The city, Pope Leo said, points to “a human condition: The city is one for all; it is singular and plural.”
“To be social means to be solidary, behaving as authentic partners, motivated by the common good and not by partisan interests,” he said. “Citizens are always fellow citizens.”
Speaking before about 3,500 people gathered between the cathedral and Piazza Vittoria, the pope warned against indifference and called for renewed participation in civic life.
“When indifference seems to break apart our community, it is necessary to renew the active participation of all in city life,” he said. “Faced with forms of degradation and civic illiteracy, we are called to share languages of dedication and service, which safeguard squares, parks, and streets as places of encounter par excellence.”
Good citizenship, he said, “knows how to cultivate concord through dialogue and constructive encounter among the people and cultures that animate Pavia.”
“Today I invite each of you to repeat within yourselves: I care about our city,” the pope said. “I care about the health of the person next to me. I care about the beauty of the place where I live. I care about the quality of life in the environments where I work and where I spend my free time.”

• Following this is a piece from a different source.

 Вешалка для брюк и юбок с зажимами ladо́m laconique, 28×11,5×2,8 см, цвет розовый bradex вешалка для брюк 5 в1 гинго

Leo also highlighted the University of Pavia, saying its students experience not “an agglomeration of knowledge” but a system capable of forming the person “without speculating on his labor.”

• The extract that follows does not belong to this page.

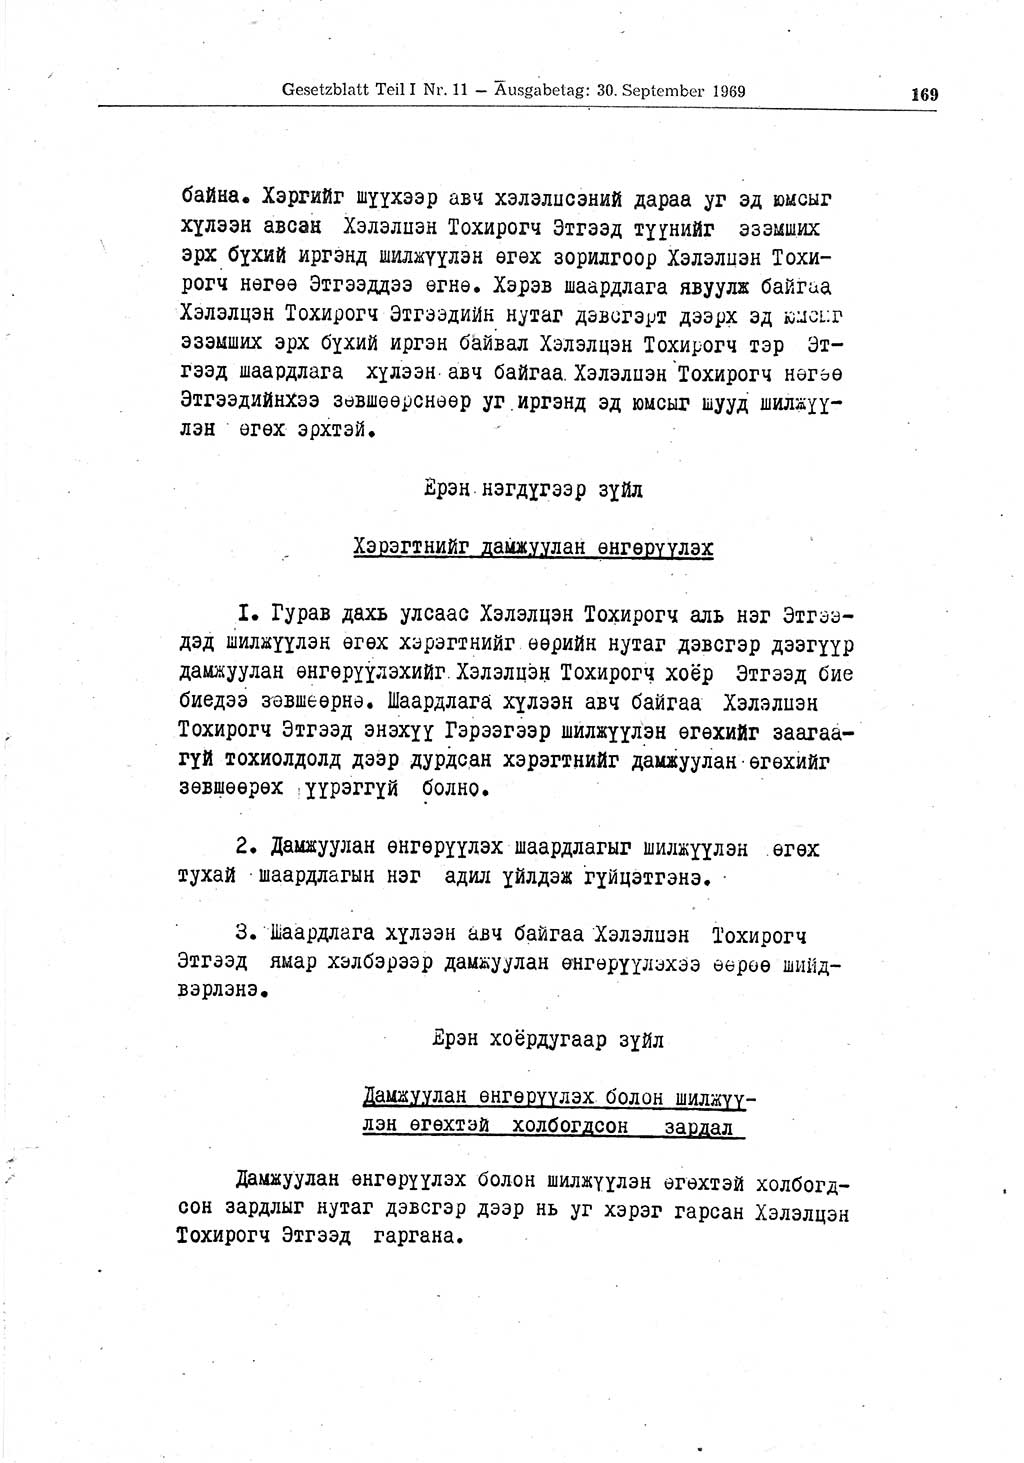 Gesetzblatt (GBl.) der Deutschen Demokratischen Republik (DDR) Teil Ⅰ 1969, Seite 169 (GBl. DDR Ⅰ 1969, S. 169)

“To promote the sciences, in fact, means to promote man, who must always remain the protagonist of his own research,” the pope said. “To every form of knowledge there corresponds a form of care.”

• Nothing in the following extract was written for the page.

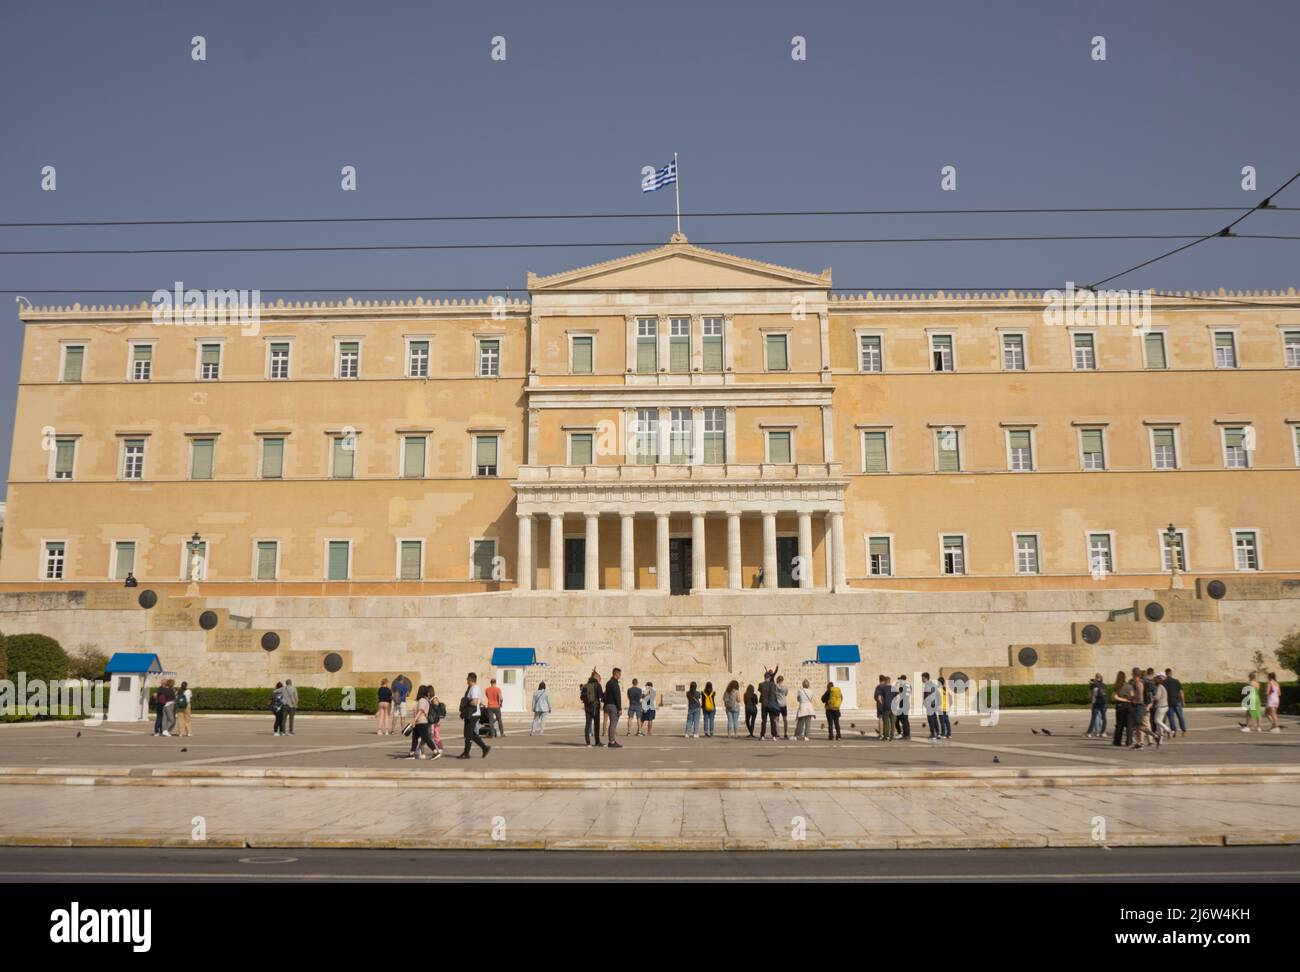 Touristes et visiteurs voient le changement de garde à la place Syntagma par l'ancien Palais Royal, abritant le Parlement grec depuis 1934, Athènes, Grèce, Europ Banque D'Images

Returning to Augustine, Leo said “one cannot believe without thinking, nor is it possible to illuminate the highest questions of reason without faith.”
“With this trusting openness, human reason asks and plans,” he said. “It does not close itself within the logic of profit or domination but discovers new ways to care for itself and for the world.”
Faith, he added, reminds people that they are not “subjects of an anonymous fate” but are sustained by the certainty that God is “creator and savior of life.”
“Thanks to your commitment, Pavia is prosperous not only in goods but also in virtues: Always honor the dignity of every human life!” he said.
Earlier in the day, Pope Leo began his brief but intense visit to Pavia at the National Center for Oncological Hadrontherapy, known by its Italian acronym CNAO.
The papal helicopter landed in Pavia shortly before 2:40 p.m. on a day of particularly high temperatures. The pope was welcomed by local authorities and Sanguineti.
“Great emotion, an atmosphere of joy, a hot day because of the heat — we think it is a beautiful moment for everyone and an experience of faith for many,” the bishop told accredited journalists gathered in the press room inside the bishop’s residence.
The cancer center, inaugurated Feb. 15, 2010, treats patients with solid tumors that cannot be cured surgically or with traditional radiotherapy, using hadrontherapy: irradiation with beams of protons and carbon ions.
CNAO was the first center dedicated to hadrontherapy in Italy and remains the only one in the country able to offer carbon ion therapy.
Inside the facility, the pope greeted administrators, medical staff, and several children undergoing treatment at the center, together with their parents.
“Help the whole world understand how, when there are difficult moments, if there is not the presence and love of the family, everything is more difficult,” the pope said off the cuff. “God does not want anyone to suffer. What God promises us is that he will always be present, even when we are too weak; he sends us angels.”
The pope thanked CNAO, “which works miracles,” and its staff, saying “God works in our lives also through doctors, nurses, and so many people.”
“When things are difficult,” he said, “let us place all our trust in God.”
After leaving Pavia, Pope Leo was scheduled to stop in Sant’Angelo Lodigiano to venerate the relics of St. Frances Xavier Cabrini before returning to the Vatican.